Глава 21. И тайное становится...

Марат.

Как и следовало ожидать, финальной точкой маршрута такси оказалась клиника, где сейчас находились Захаров с водителем. Я не знал, как Штерну удалось это выяснить. Точно так же не знал, как клинику вычислила Аглая. Но на педаль газа давил с усердием гонщика на трассе.

К счастью, с эскортом в виде огромного джипа Бадоева гнать было комфортно. Тот мигалкой и сиреной, как библейский Моисей, заставлял расступаться перед собой море машин.

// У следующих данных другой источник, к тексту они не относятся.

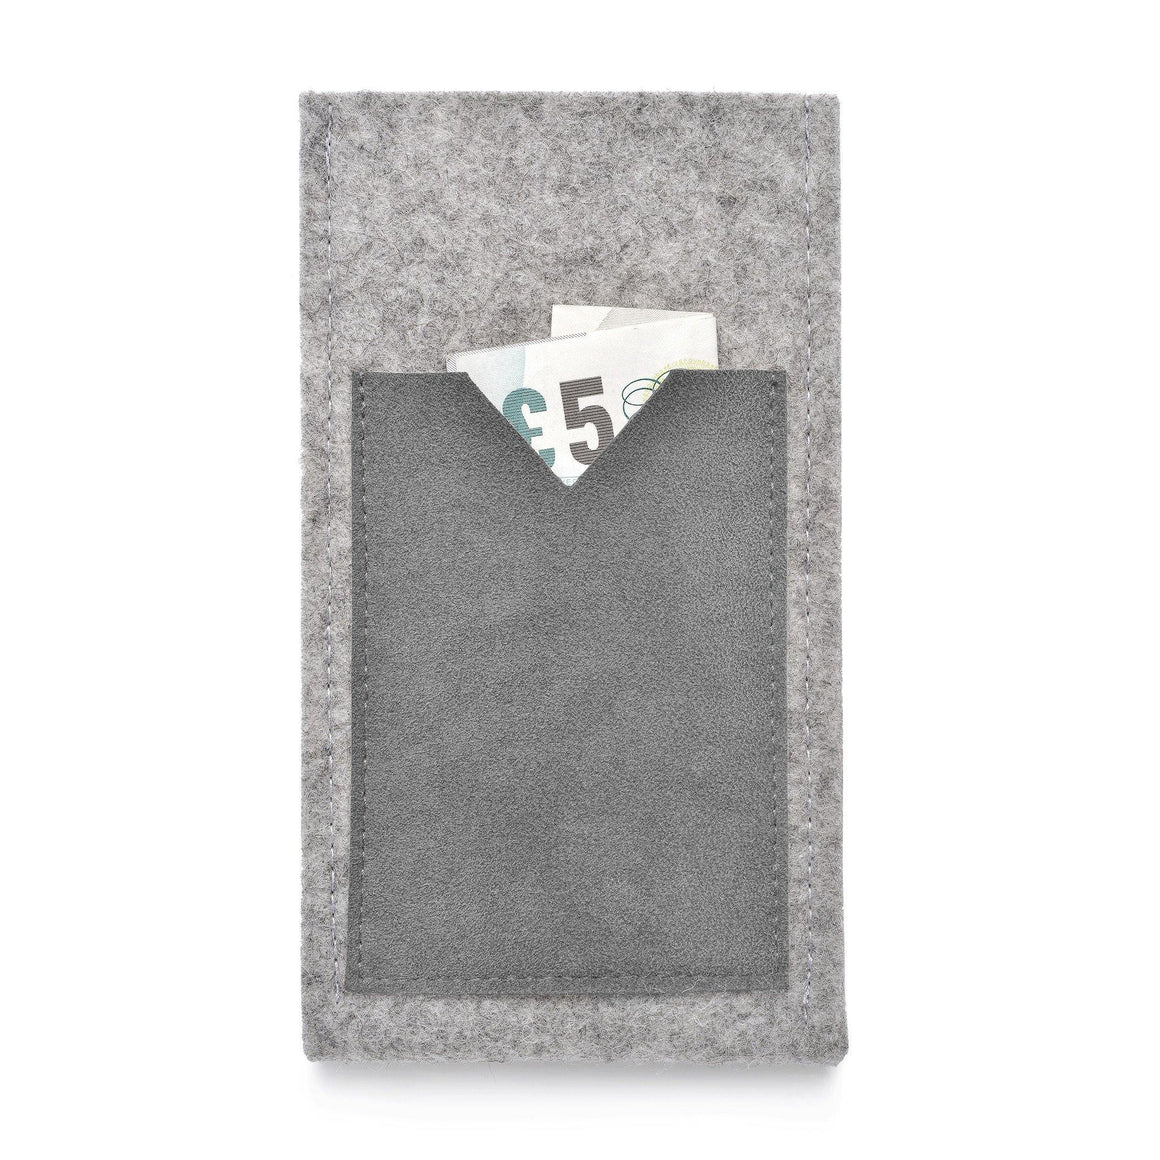 iPhone Wool Felt Cover Grey/Grey - Wrappers UK

А особо принципиальных, тех, кто не велся на спецэффекты, капотом жестко теснил к обочине.

В других обстоятельствах я бы задал своему начбезу пару вопросов. С собой я его не звал и, куда едем, не рассказывал. Но сейчас все это оказалось неважно. Каждая минута промедления била по нервам, а нехорошее предчувствие тяжестью давило на грудь.

Мне просто необходимо было как можно скорее добраться до своей мышки. Не дать ей сойти с ума от страха. Спрятать от всех и вся.

С водительским удостоверением за эту гонку, наверное, можно было распрощаться. На хороший штраф я себе тоже заработал, но, стоило вбежать в здание больницы, и дорога, и страх забылись.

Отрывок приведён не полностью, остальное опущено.